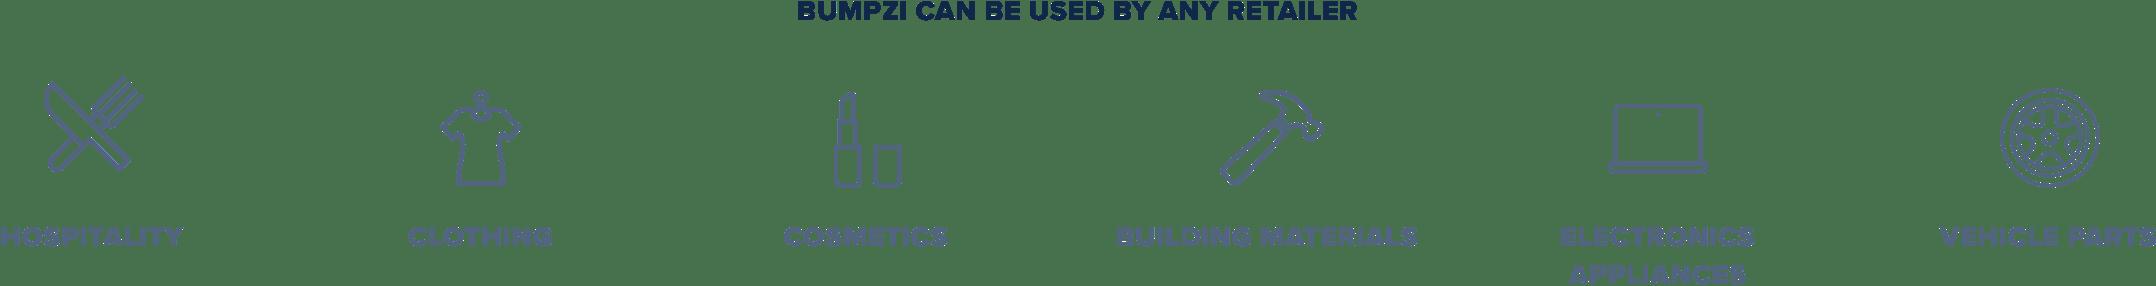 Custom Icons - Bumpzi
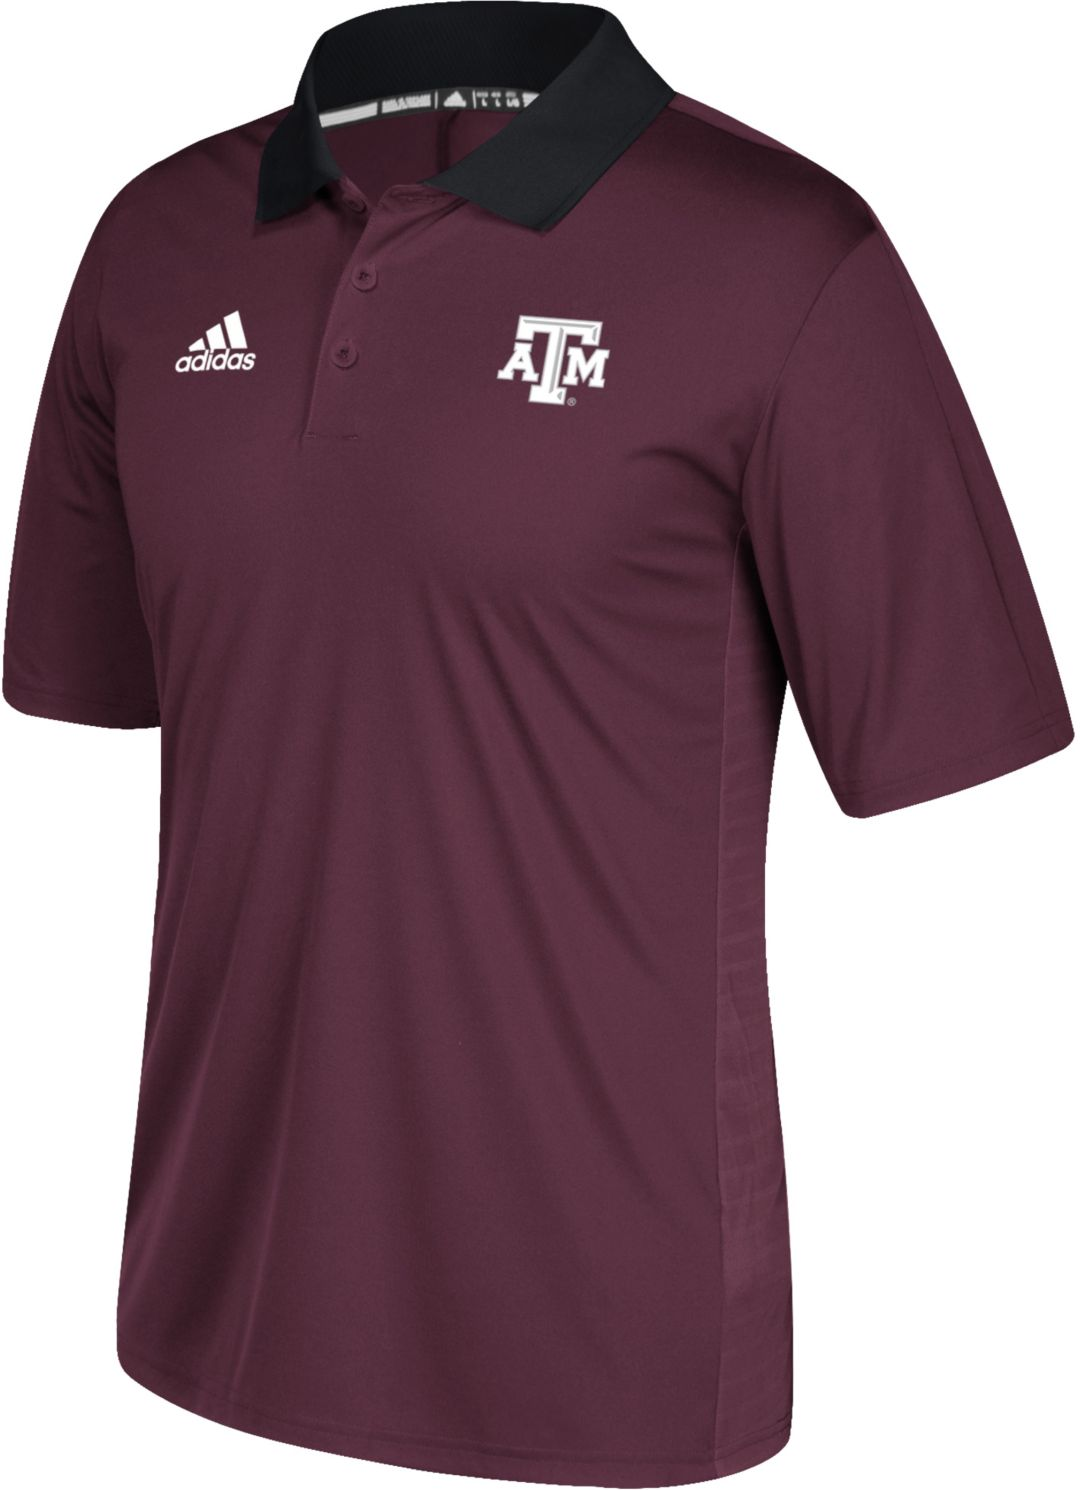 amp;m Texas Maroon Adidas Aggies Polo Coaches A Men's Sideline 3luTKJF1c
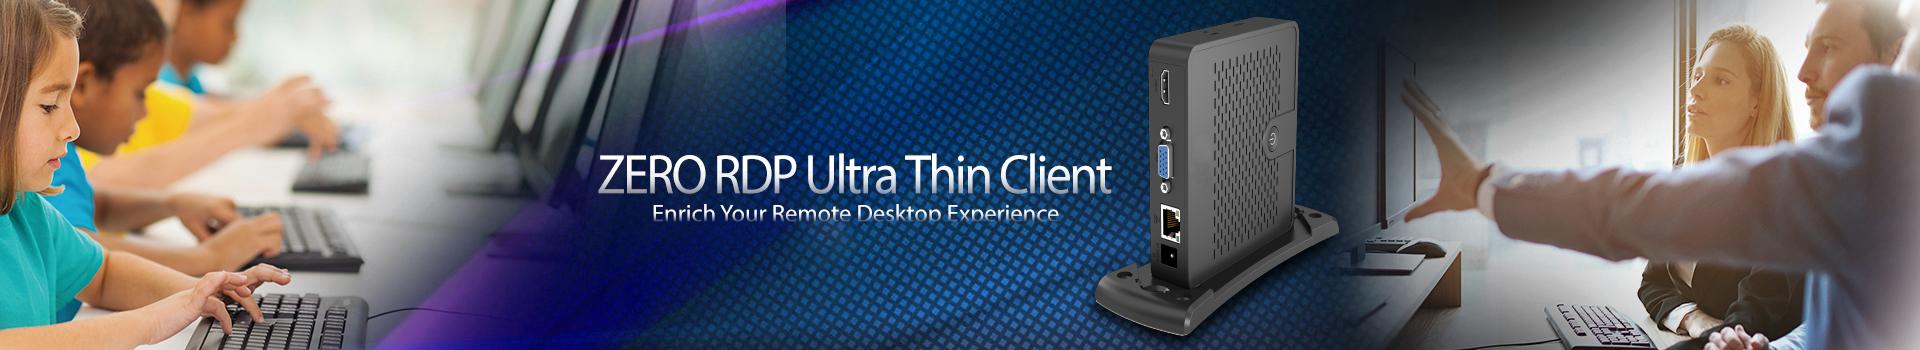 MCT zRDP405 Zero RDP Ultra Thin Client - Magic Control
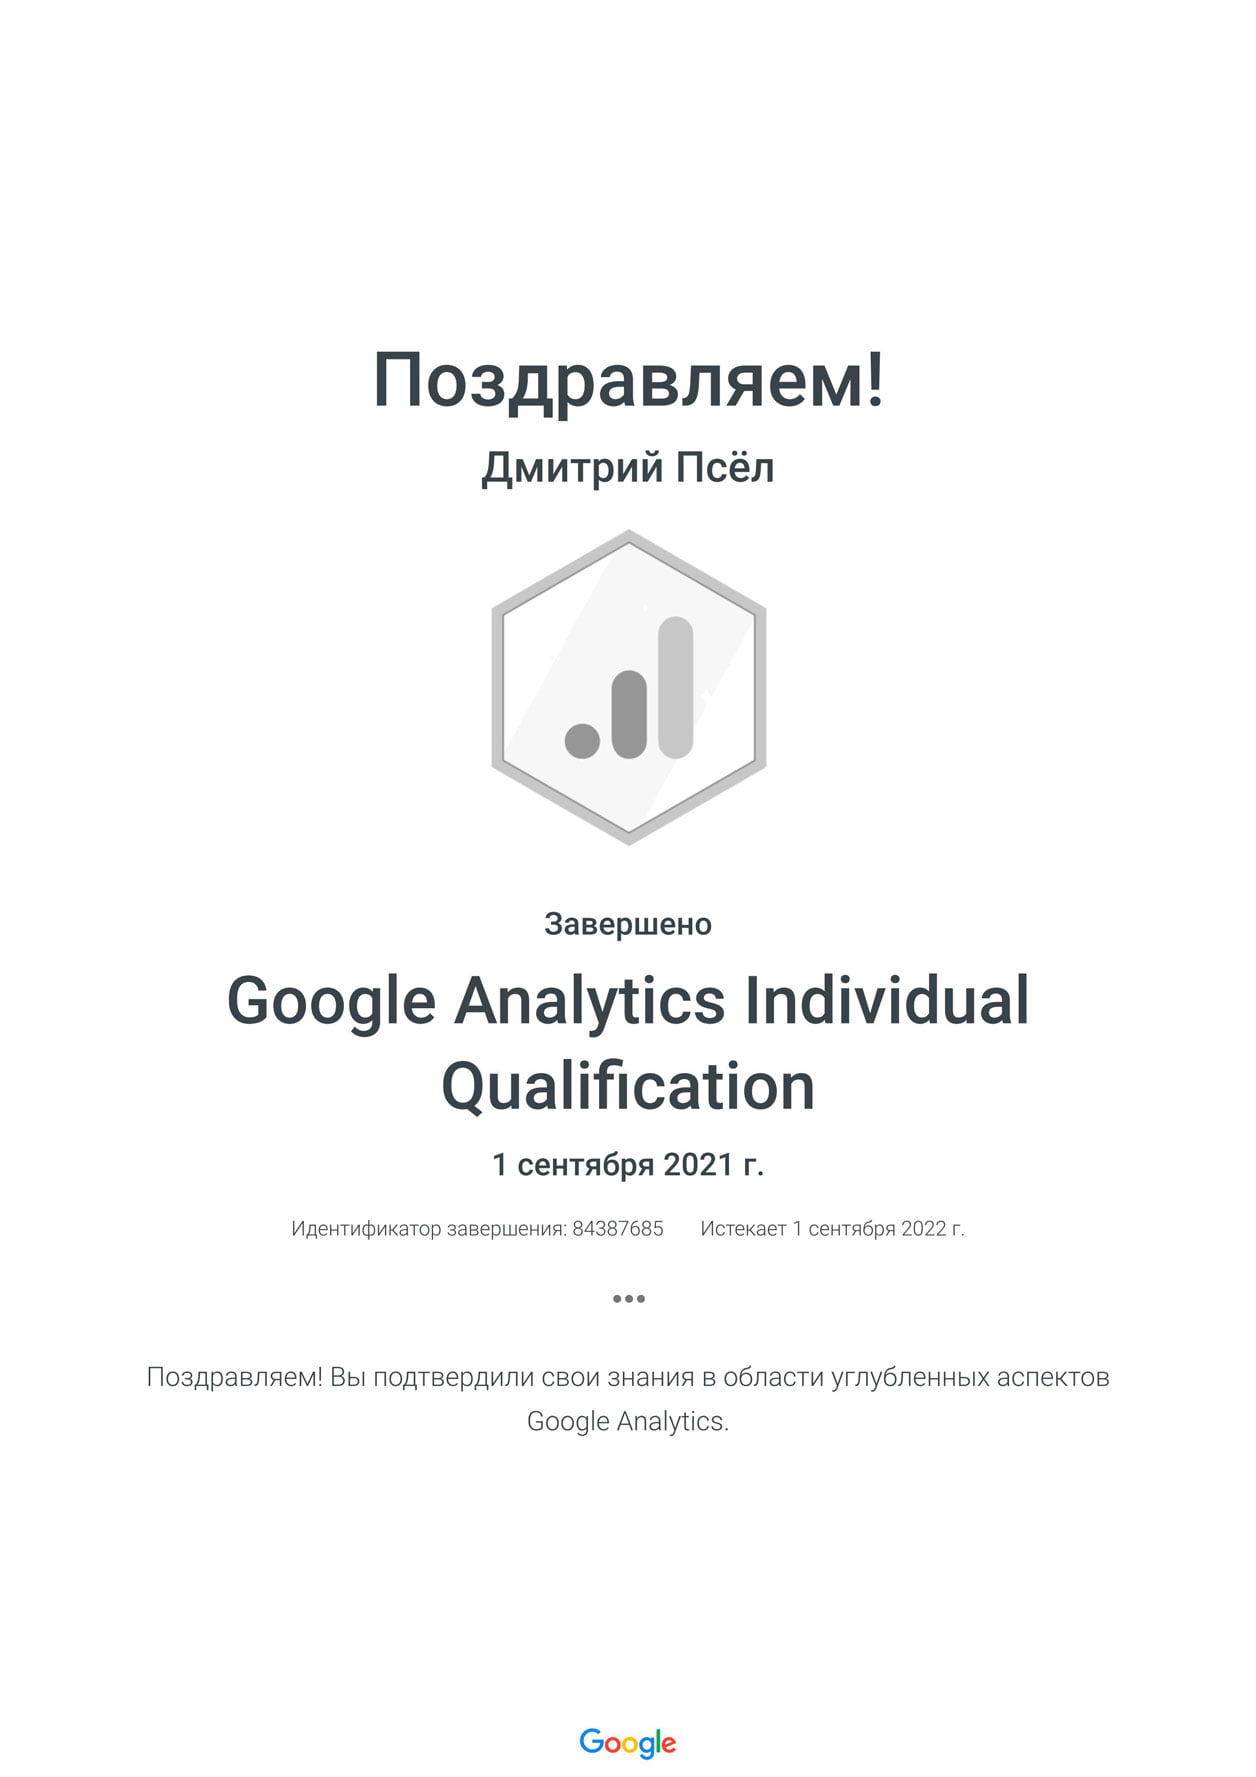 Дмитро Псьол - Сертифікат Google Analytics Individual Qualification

To do:
When you copy the data above, reproduce each line exactly and skip every image.

Answer box:
 Custom Icons - Bumpzi
 amp;m Texas Maroon Adidas Aggies Polo Coaches A Men's Sideline 3luTKJF1c
 MCT zRDP405 Zero RDP Ultra Thin Client - Magic Control
 Дмитро Псьол - Сертифікат Google Analytics Individual Qualification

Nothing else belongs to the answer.